The protagonist of “Shotgun Wedding” started with a simple observation regarding her younger sister’s soon-to-be-husband: Clearly this groom is more accustomed to lugging hay bales and veal calves … and for whatever reason, as I listened to the author, Bonnie Jo Campbell, read her short story I couldn’t help but stare at my dishpan hands resting in my lap and wonder: If I had had more of a bad boy image, if I were a Neanderthal, a knuckle-dragger, would my marriage have survived? Fortunately, this momentary thought faded when the woman next to me said, “Isn’t she wonderful? I just started reading ‘Once Upon a River.’”
Soon there’s a seamless transition from the wedding scene to an intruder scene at the farmhouse—a flashback—where the narrator protects her sister and herself from an intruder:
My father had told me to shoot a man anywhere on the abdomen, because I couldn’t miss at close range, and the twelve gauge at close range would tear a man apart. When I’d shot that first raccoon outside the chicken house its body turned inside out.
Interestingly enough, the intruder has some of the same characteristics and qualities as the groom in the story—a ruggedness that dissipates once he’s staring at the unidentifiable roundness of the end of the shotgun barrel … where the protagonist thinks … he might have seen his own self turned inside out.

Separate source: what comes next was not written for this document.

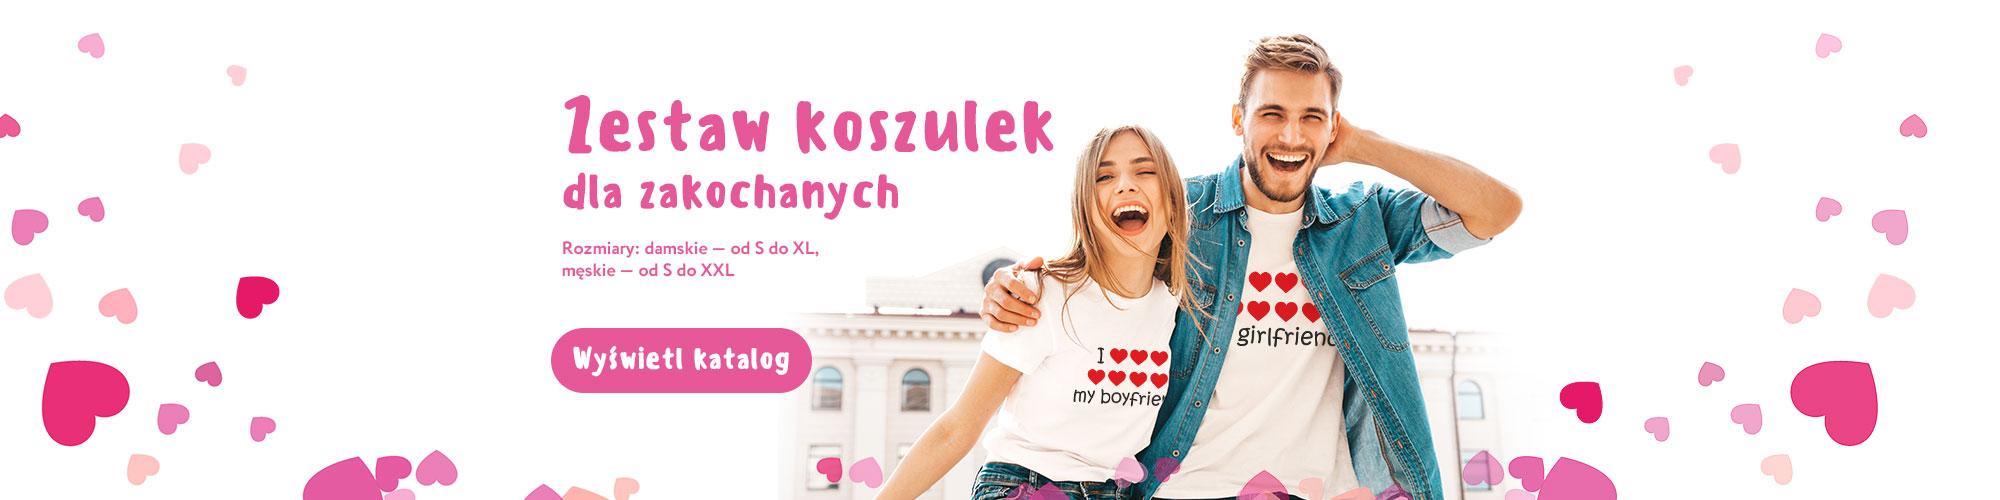 pl-zestaw-koszulek

Maybe because I’m a man, or maybe because I made that lengthy journey to and from the altar, or maybe because I lost so much after the divorce … hell, I don’t know … maybe I’ve been “turned inside out” because Campbell’s last scene of “Shotgun Wedding” is so hauntingly familiar, as if I’m running from the church in an attempt at shedding my old skin, my old civilized ways, as if the protagonist not only succeeds in that moment of protecting her younger sister, but has me dead in her sight: I held the gun up long after the man turned and walked down the steps and ran across our frozen lawn toward the road.
Whatever my feelings, I enjoyed listening to Bonnie Jo Campbell. Her short stories, as well as her novels, are definitely worth reading.